Hairbraiding Lawsuits Make A National Case For Economic Liberty
Melony Armstrong of Tupelo, Miss., has practiced her craft for nine years. She runs her own business and now wants to move up the economic ladder by opening her own school so she can share her skills with others. But bureaucrats from Mississippi decided that Melony must complete 3,200 hours of courses to be allowed to teach the art of African hairbraiding.
On the other side of the country in Washington state, a similar problem entangles hard-working entrepreneurs. Benta Diaw, a native of Senegal, has been earning a living in Seattle working as an African hairbraider for the past six years. Benta built her successful business by working hard to establish a devoted clientele. But cosmetology regulations on the books in Washington require Benta to obtain a license to practice her art—a skill she learned in Africa from her grandmother.
In all but a handful of states, performing African hairbraiding professionally without a government-issued license is against the law.

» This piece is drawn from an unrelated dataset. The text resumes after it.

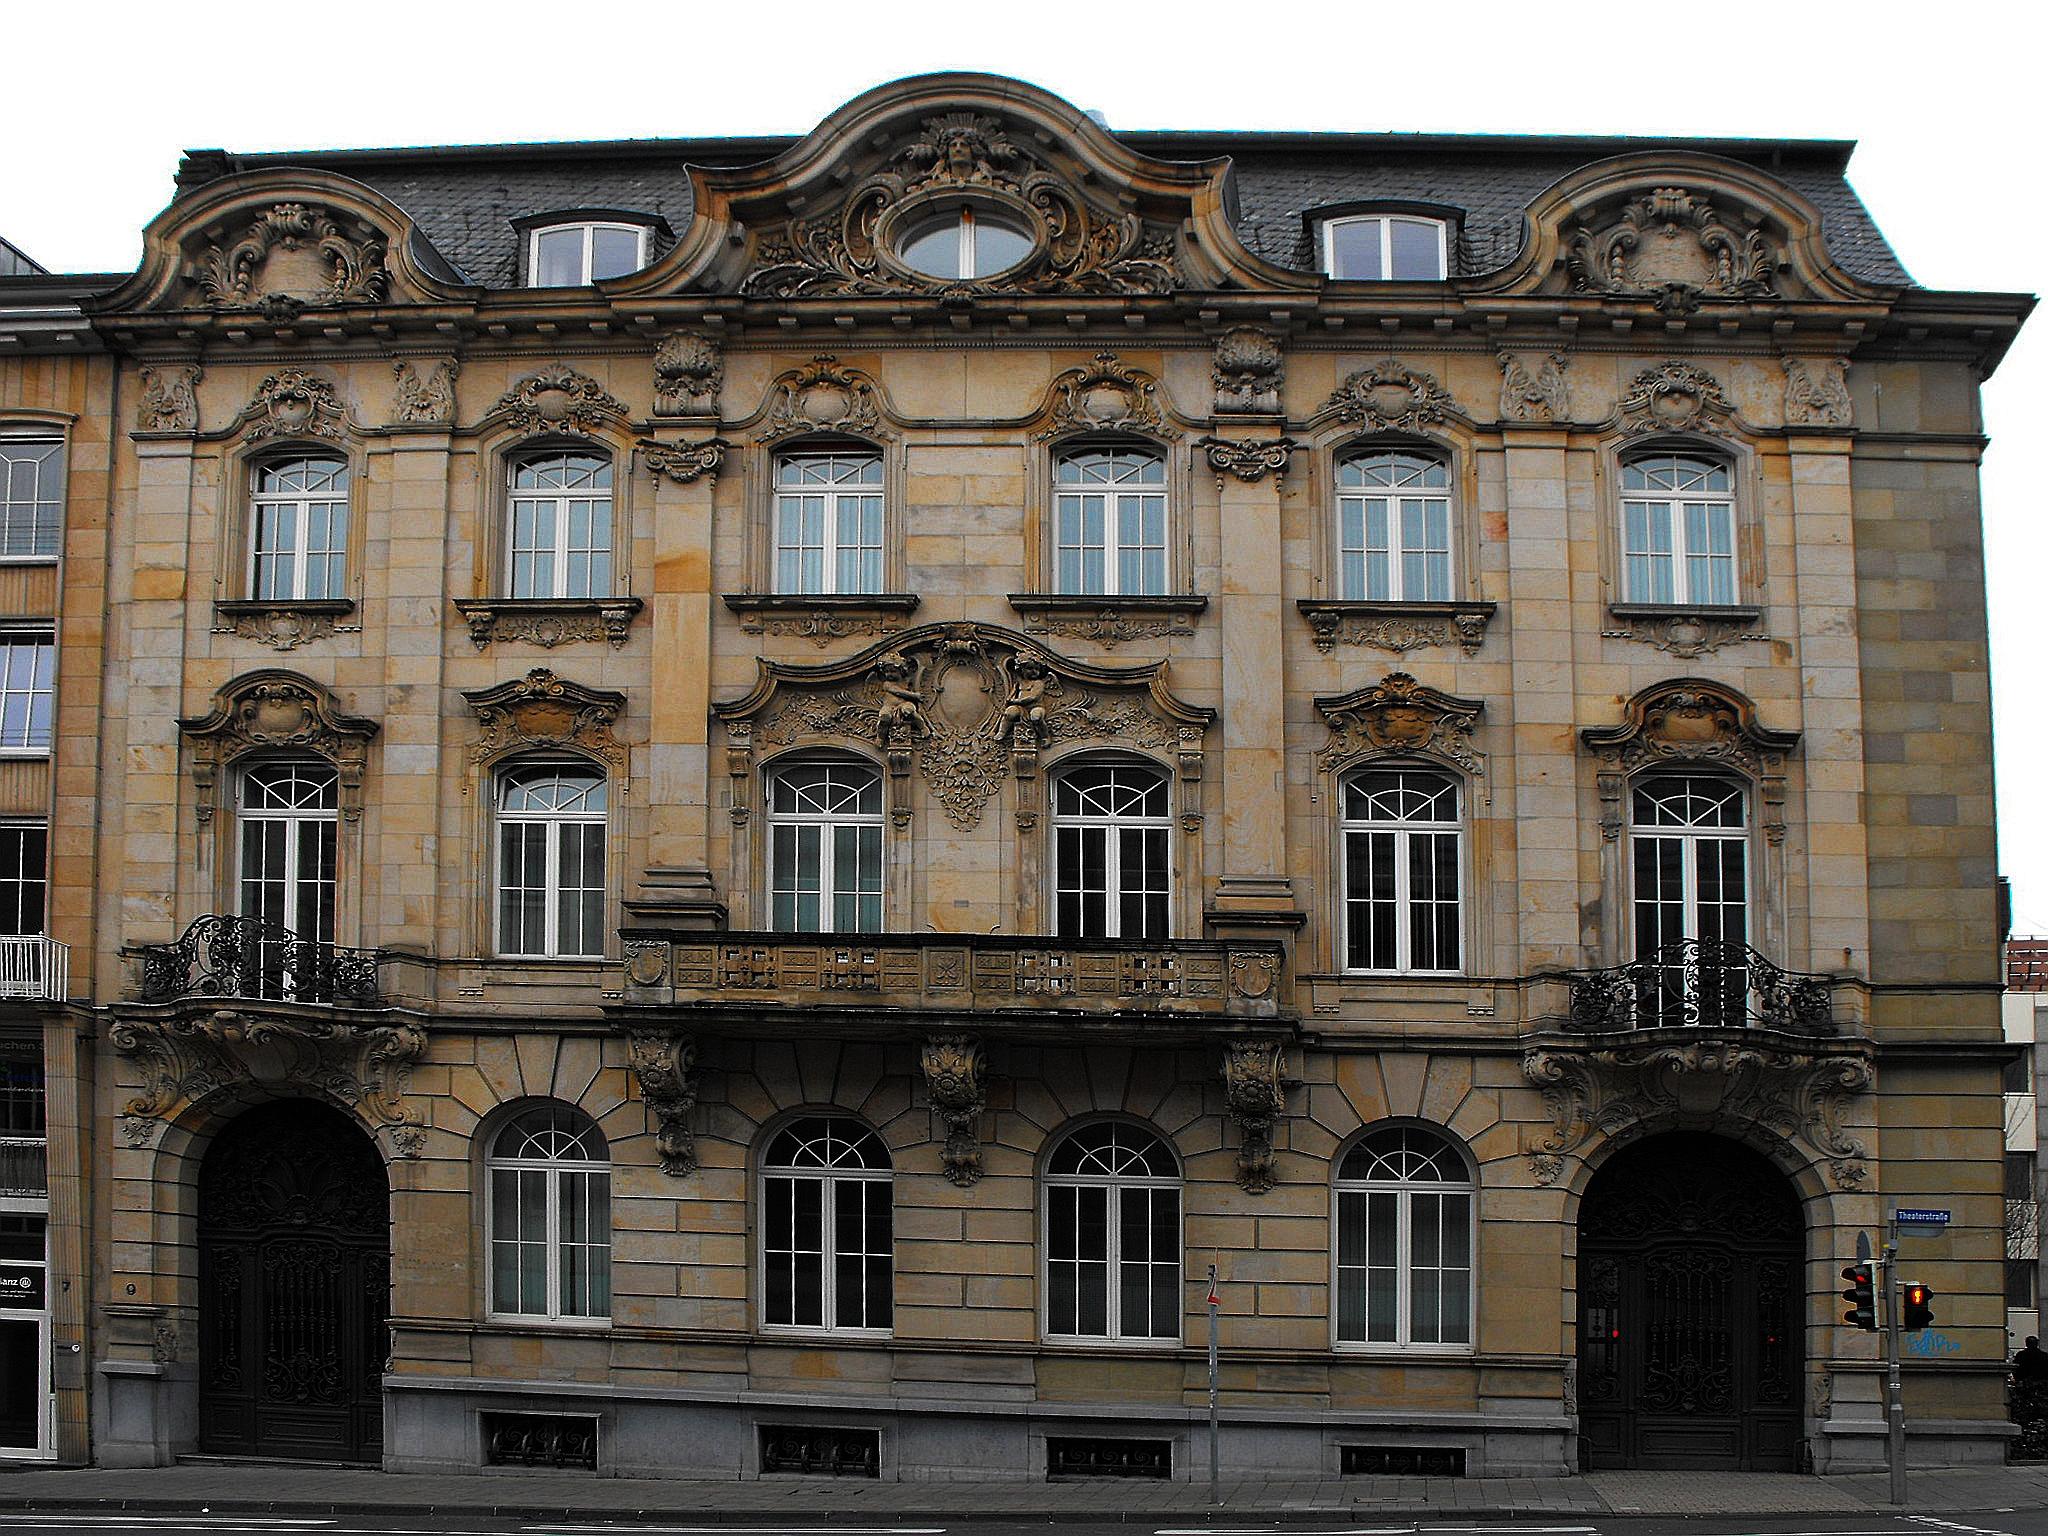 Palaise Suermondt, Aachen

And earning the license requires braiders to take more than 1,000 hours of coursework that cover techniques completely unrelated and even antithetical to the type of natural hair care braiders provide.
One of IJ’s major goals is to restore economic liberty—the right to earn an honest living free from excessive government regulation—as a fundamental civil right. To accomplish that, we select cases where governments impose licensing requirements that make it impossible for entrepreneurs to start their businesses. These cases continue to lay a broad foundation off of which future economic liberty litigation will be conducted to free many other occupations. The effects of such licensing restrictions are starkest for businesses that require little capital or education, and among the most ridiculous kinds of licensing laws are those requiring licenses to braid hair.

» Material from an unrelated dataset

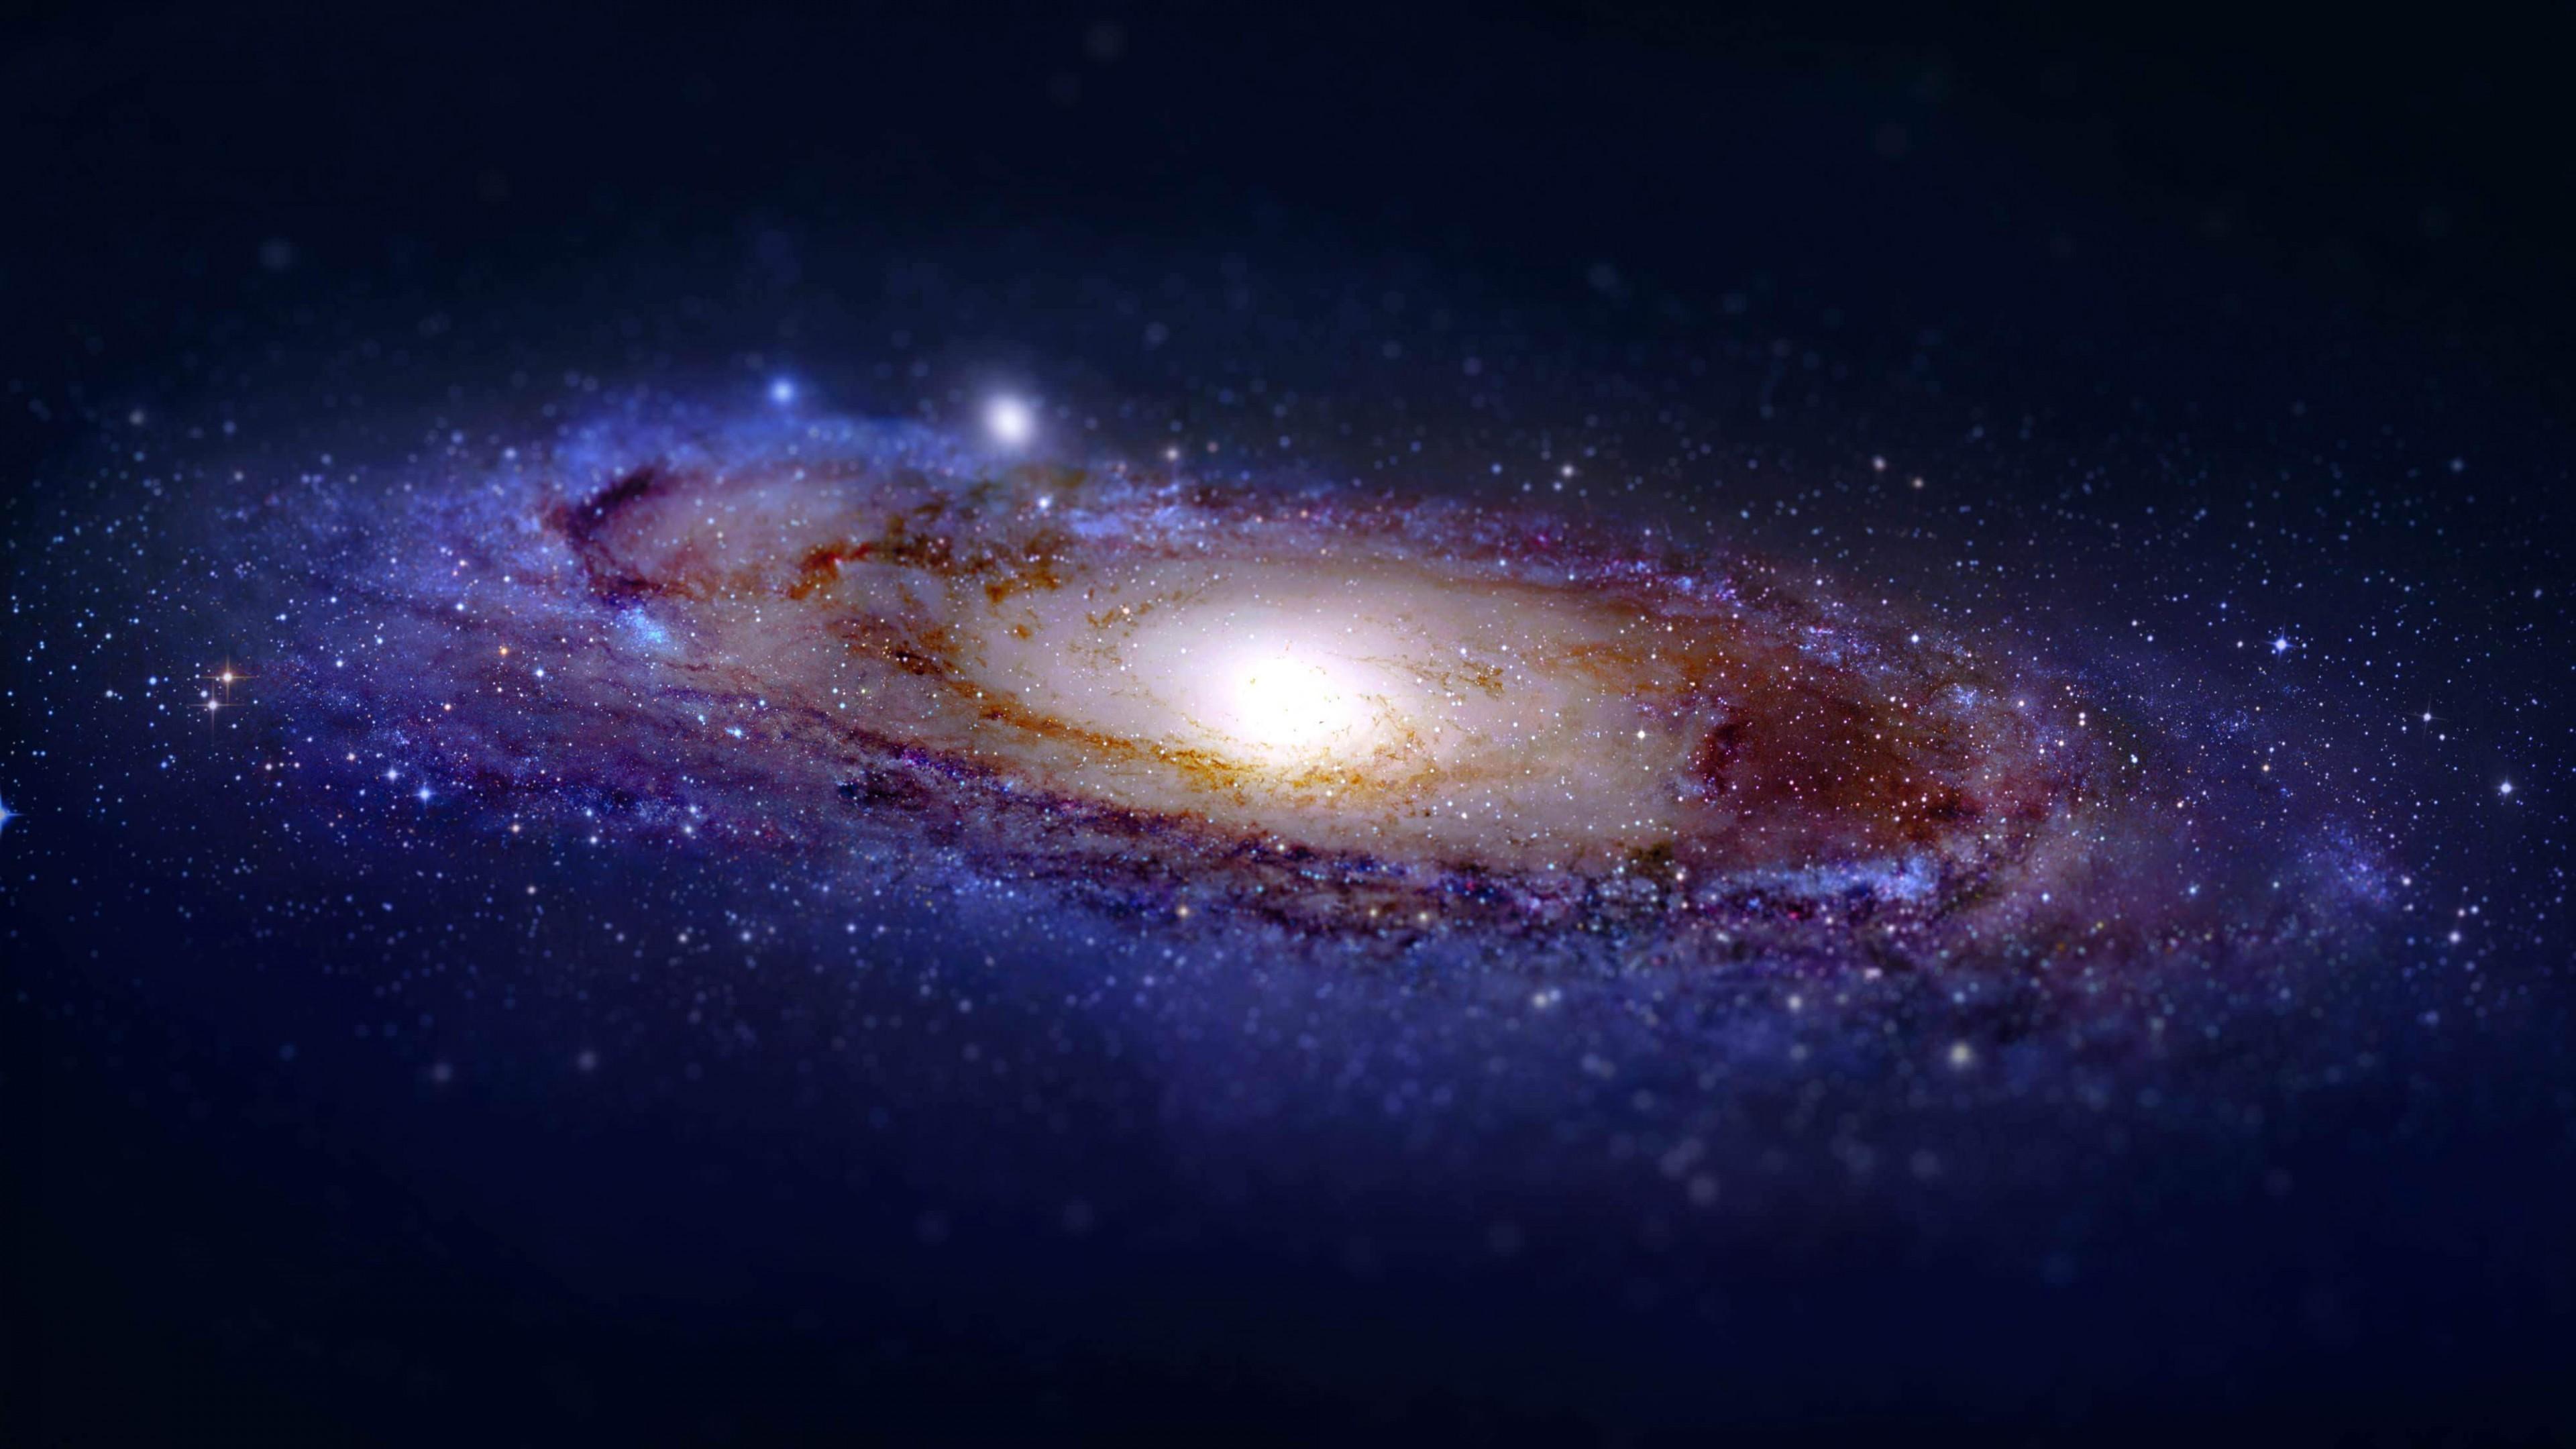 Andromeda galaxy tilt shift wallpaper for 4k 136 .

That’s why the Institute for Justice filed two civil rights lawsuits on August 5, 2004, seeking to overturn state cosmetology licensing laws in Mississippi and Washington on behalf of those who wish to practice their craft without seeking the government’s permission. With these two cases, IJ hopes to build on victories eliminating cosmetology licensing requirements for African hairbraiders in California, Arizona and Washington, D.C.
All our clients—and thousands like them nationwide—want to do is earn an honest living practicing a craft handed down through the generations without having to get an irrelevant government license. Government regulations like these have nothing to do with protecting public health or safety and everything to do with protecting established economic interests from competition. Tragically, these regulations cut off the bottom rungs of the economic ladder in the process.

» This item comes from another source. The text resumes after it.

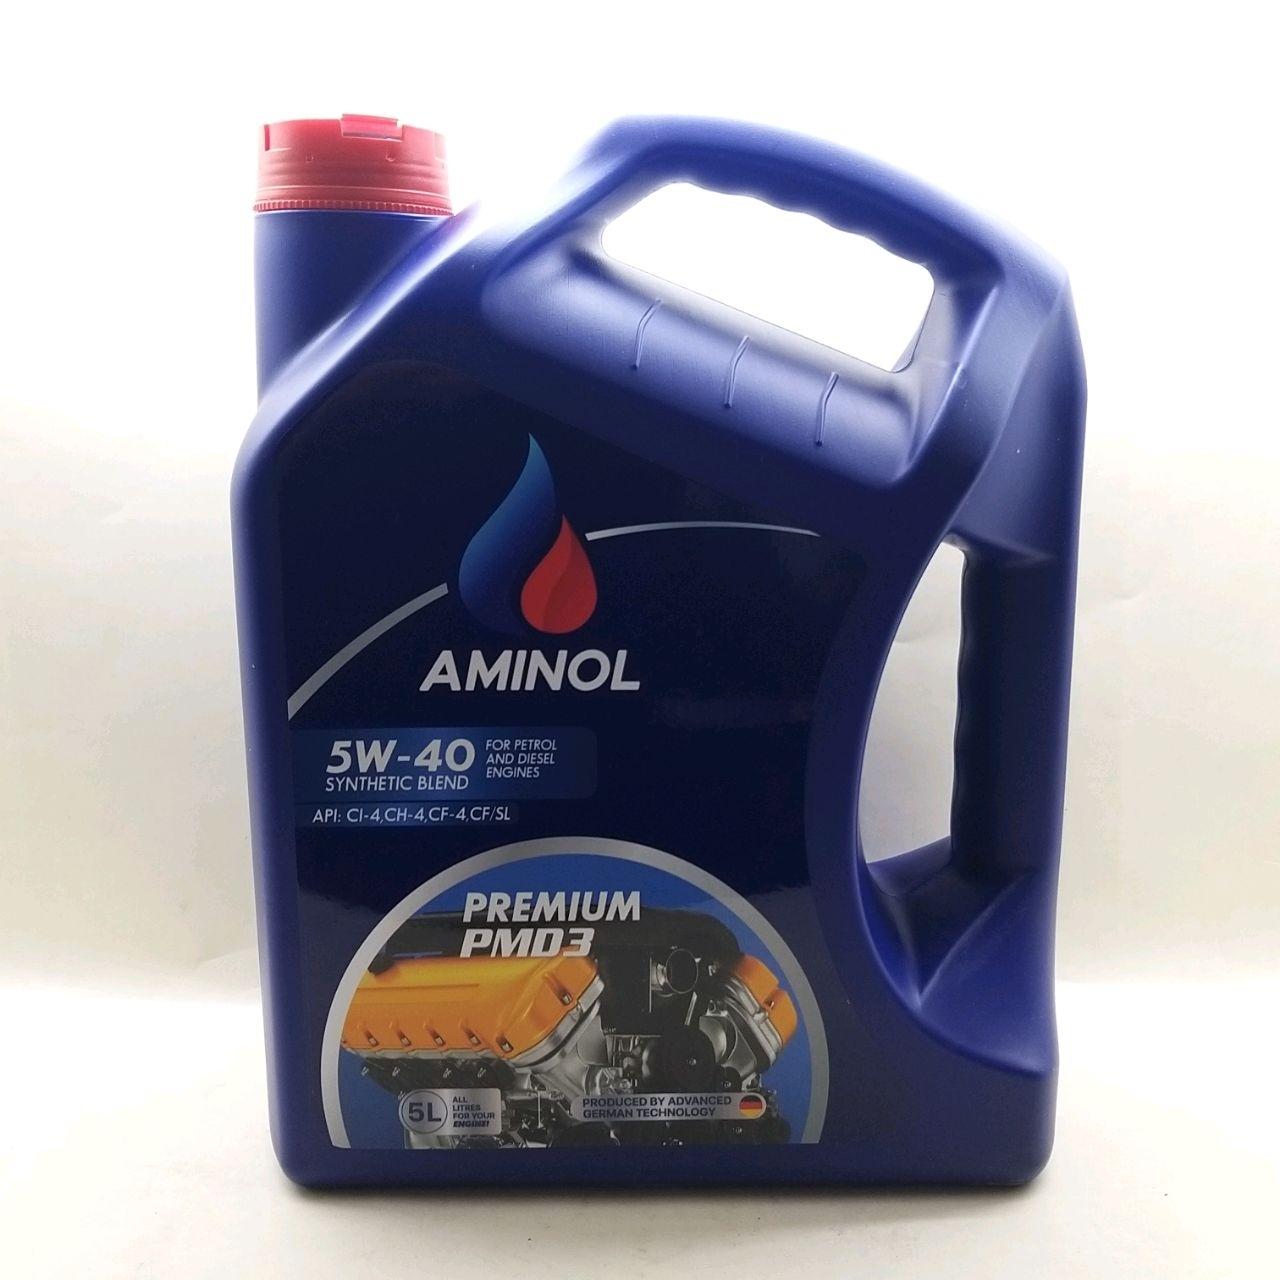 (250944)Aminol PREMIUM PMD3 5w-40 (CI-4/SL) 5L.

The State of Washington’s regulations are typical of many states, requiring even skilled braiders to take up to 1,600 hours of completely unrelated classes to get a cosmetology or barbering license to braid legally. In Mississippi, braiders can get a cosmetology license with a 1,500-hour class, or a “wigology” license with 300 hours of classes in wig care, but only two of the state’s more than 40 cosmetology schools offer wigology. That leaves most aspiring braiders in the state with only three options: attend an expensive, 1,500-hour cosmetology program that doesn’t teach braiding, abandon their profession or operate outside the law.
Recognizing this problem, Melony Armstrong, who earned her wigology license, decided to open a wigology school to teach her craft to others. But the State doesn’t allow wigology-only schools. Instead, Melony must open a cosmetology school—even if she only wants to teach braiding and wigology—which means spending more than 3,000 hours (about three academic years) in cosmetology and cosmetology instructor programs. Of course, those programs don’t teach braiding.
Consider that in the 3,200 classroom hours it would take for Armstrong to get a license to teach hairbraiding, she could instead become licensed in all of the following professions: emergency medical technician (122 hours plus five emergency runs), paramedic (1,700 hours), ambulance driver (8 hours), law enforcement officer (ten weeks), firefighter (six weeks), real estate appraiser (75 hours) and hunting education instructor (20 hours). And all of that would take more than 600 hours less than getting her license to teach braiding.
Similarly in Washington, the extensive training required for one to lawfully braid hair is especially incongruous in light of the training required to perform other, far more dangerous, jobs and activities. Emergency medical technician certification, for example, requires only 114 hours of classroom training and an examination. One can graduate with a firefighting degree after only 14 weeks of evening and weekend courses and a state examination. And as long as you have $60 and picture identification, applying for a concealed weapons permit takes about 30 minutes.
In a press release issued the same day as IJ filed suit, Washington’s Department of Licensing director issued a press release that claimed the DOL had never taken action against a braider for not being licensed and had never received a formal complaint against a hairbraider. IJ instantly responded with a release of its own refuting that point with documented proof from the Department itself, which helped IJ carry the day in the court of public opinion.
In the guise of protecting public health and safety, nearly every state in the country licenses people to braid hair who have no experience in braiding, yet they forbid those who can braid but do not hold a license from pursuing that trade. It’s a system that makes absolutely no sense.
So Melony and Benta, with the help of the Institute for Justice, are saying to their states, “Get out of our hair!”
Dana Berliner is an Institute senior attorney.
Jeanette Petersen is an Institute for Justice Washington Chapter staff attorney.